NIST Launches Formal Standards Work for AI Agents

The National Institute of Standards and Technology launched a formal standards initiative for AI agents, covering three domains: interoperability, security, and identity. A Request for Information on agent security closed on March 9, 2026. This is the US government's first structured attempt to define how AI agents should be built, secured, and identified in production systems.

For practitioners, NIST standards carry weight that industry specifications do not. When NIST publishes a standard, it becomes the baseline that regulators, auditors, and procurement officers reference. Building to NIST standards is not optional for teams that want to sell to government, healthcare, finance, or any regulated sector.

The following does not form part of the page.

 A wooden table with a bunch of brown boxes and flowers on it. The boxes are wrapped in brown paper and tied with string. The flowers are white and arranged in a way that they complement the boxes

What does the initiative cover?

Interoperability addresses how agents from different vendors communicate and collaborate. Today, agents built with different frameworks — LangGraph, CrewAI, Google ADK, custom implementations — cannot interact without custom integration code. NIST aims to define standard protocols for agent-to-agent communication, state sharing, and task handoff.

The practical problem is real. An organisation using OpenAI agents for customer service and Anthropic agents for internal analysis cannot easily have those agents collaborate on a task that spans both domains. Standard interoperability protocols would allow multi-vendor agent deployments without custom glue code.

Security covers the attack surface that AI agents introduce. Unlike traditional software, agents make autonomous decisions, access external tools, and interact with other systems in ways that are not fully deterministic. The security standards will address threat models specific to agents: prompt injection, tool misuse, privilege escalation through multi-step reasoning, data exfiltration via agent communication channels, and supply chain attacks through compromised tools or plugins.

The RFI that closed March 9 asked the industry to identify the most critical agent security risks and propose evaluation methodologies. The responses will shape the standard's priorities.

Identity tackles a question that enterprise deployments increasingly face: how do you identify and authenticate an AI agent? When an agent accesses a database, sends an email, or modifies a document, the system needs to know which agent took the action, on whose behalf, and with what authority.

Current approaches are ad hoc — agents use service accounts, API keys, or inherit the credentials of whoever launched them. NIST is working toward a framework where agents have their own identity credentials, subject to the same governance as human user identities.

Why does this matter now?

The timing corresponds to agent deployment reaching production scale. When agents were research prototypes, standards were premature. Now that companies like Uber, Intuit, and State Farm are deploying agent workforces and platforms like OpenAI's Frontier provide enterprise management layers, the absence of standards creates real problems.

Without interoperability standards, organisations are locked into single-vendor agent ecosystems. Without security standards, every deployment invents its own threat model and defence strategy. Without identity standards, audit trails are incomplete and access control is informal.

The EU AI Act already requires risk assessments and documentation for high-risk AI systems. NIST standards will provide the concrete technical requirements that translate regulatory obligations into engineering specifications.

What should teams building agents do now?

Four practical steps:

Track the working groups. NIST publishes draft standards for public comment before finalisation. Participating in the comment process lets you influence the standards rather than simply comply with them. The NIST AI agent standards page lists upcoming workshops and comment periods.

Audit your agent identity model. If your agents use shared service accounts or inherit user credentials, you have an identity gap that NIST standards will likely flag. Start designing agent-specific identity and credential management now, before the standards force a retrofit.

Document your agent security model. Write down how your agents are secured against the known threat vectors: prompt injection, tool misuse, data exfiltration, privilege escalation. If you cannot document it, you cannot comply with a standard that requires it.

Design for interoperability. Even if you are building on a single framework today, use clean interfaces between agents and external systems. When interoperability standards arrive, the teams with well-defined agent communication interfaces will adapt quickly. The teams with tightly coupled agent-to-agent integrations will face a rewrite.

NIST standards typically take 12-18 months from initiative launch to published standard. That window is the time to get your agent infrastructure into shape. Building to the eventual standard is cheaper than retrofitting after it is published.